No graceful shutdown - missing SIGINT/SIGTERM handlers on stdio servers.
Reference Files
references/security.md - OAuth 2.1 details, known CVEs, injection test payloads,
SSRF prevention, session management, and tool poisoning defense
Output Contract
See references/output-contract.md for the full contract.
Skill name: MCP
Deliverable bucket:audits
Mode: conditional. When invoked to analyze, review, audit, or improve existing repo content, emit the full contract - boxed inline header, body summary inline plus per-finding detail in the deliverable file, boxed conclusion, conclusion table - and write the deliverable to docs/local/audits/mcp/<YYYY-MM-DD>-<slug>.md. When invoked to answer a question, teach a concept, build a new artifact, or generate content, respond freely without the contract.
Severity scale:P0 | P1 | P2 | P3 | info (see shared contract; only used in audit/review mode).
Related Skills
security-audit - for auditing MCP servers as part of a broader security review. The
security-audit skill's ASI and MCP sections cover vulnerability patterns; this skill covers
building servers correctly from the start.
code-review - for reviewing MCP server code for correctness beyond security.
docker - for containerizing MCP servers with minimal capabilities.
ai-ml - for Claude API / Anthropic SDK usage in the application that calls MCP tools. Use ai-ml, not this skill, for Anthropic SDK integration code.
backend-api - for general REST/GraphQL API development that does not use the MCP protocol.
browse - for using MCP browsing tools to scrape or interact with web pages; this skill builds the server, browse operates it.
prompt-generator - for writing LLM prompts (not MCP prompt resources); route there when the request is about prompt engineering rather than MCP server construction.
Rules
Validate all tool inputs server-side. Never trust the client or model. Use schema
validation (Zod, Pydantic) with explicit types, ranges, and constraints.

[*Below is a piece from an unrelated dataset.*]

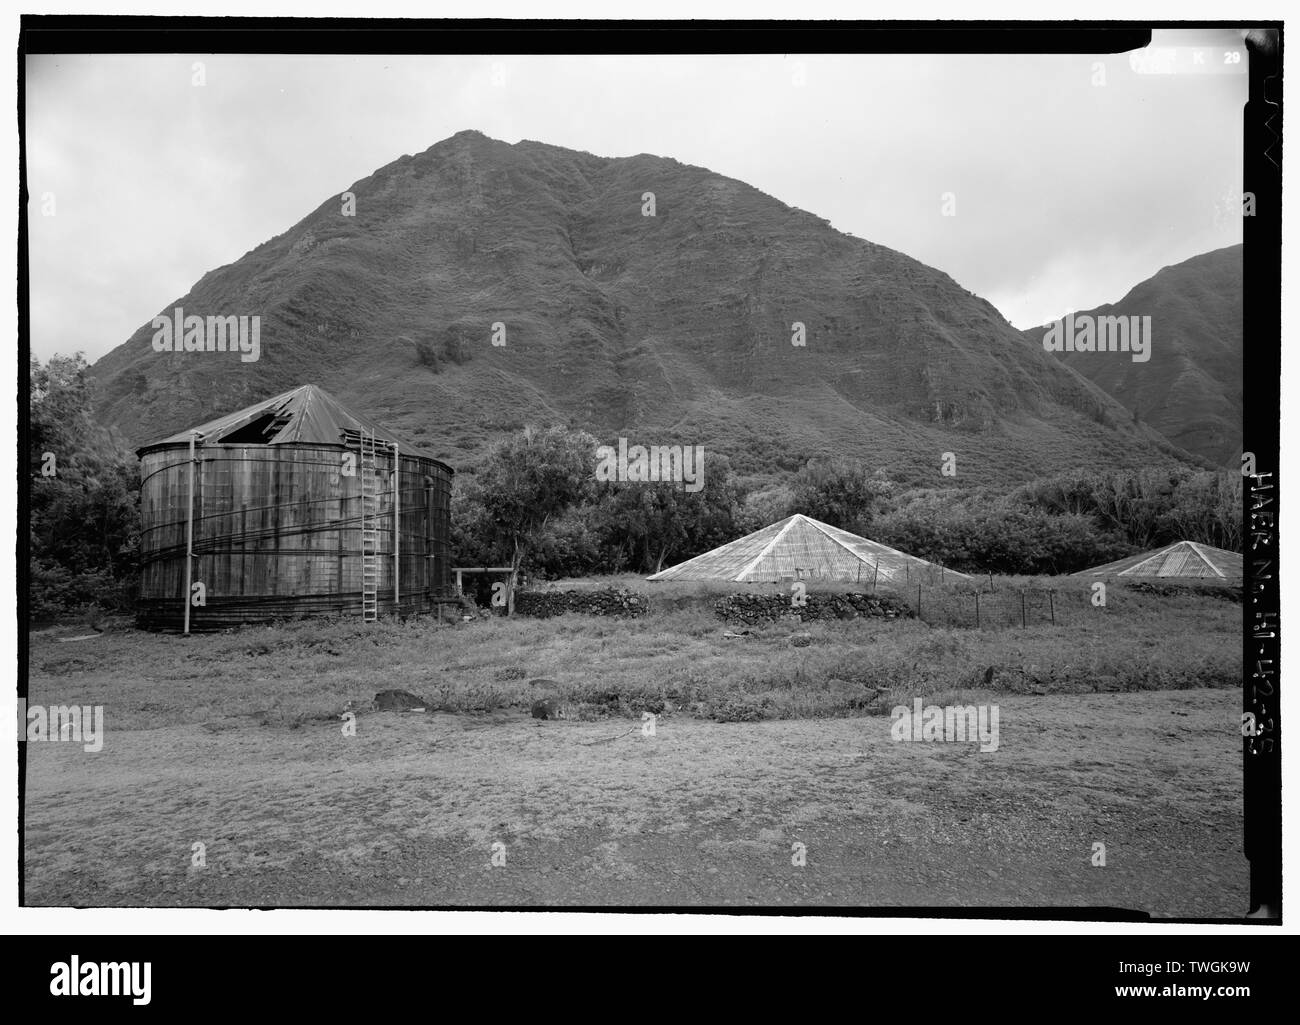 Serbatoi lungo DAMIEN ROAD VICINO AL CRATERE KAUHAKO (282'). Serbatoio di legno a sinistra è stata eretta CA. 1969. Il cemento rivestito di serbatoi in muratura con lamiera ondulata tetto, costruita CA. 1894, sono situati a destra. - Kalaupapa sistema di approvvigionamento di acqua, Waikolu Valle di Kalaupapa insediamento, isola di Molokai, Kalaupapa, Kalawao County, HI Foto Stock

No shell execution with string interpolation. Use argument arrays for system commands.
Keep descriptions concise. Some clients truncate long descriptions. A few sentences
covering what the tool does and its parameters - not implementation details.
Authenticate when handling user data. Use OAuth 2.1 with PKCE for remote servers that
access user data. Auth is optional per spec but strongly recommended.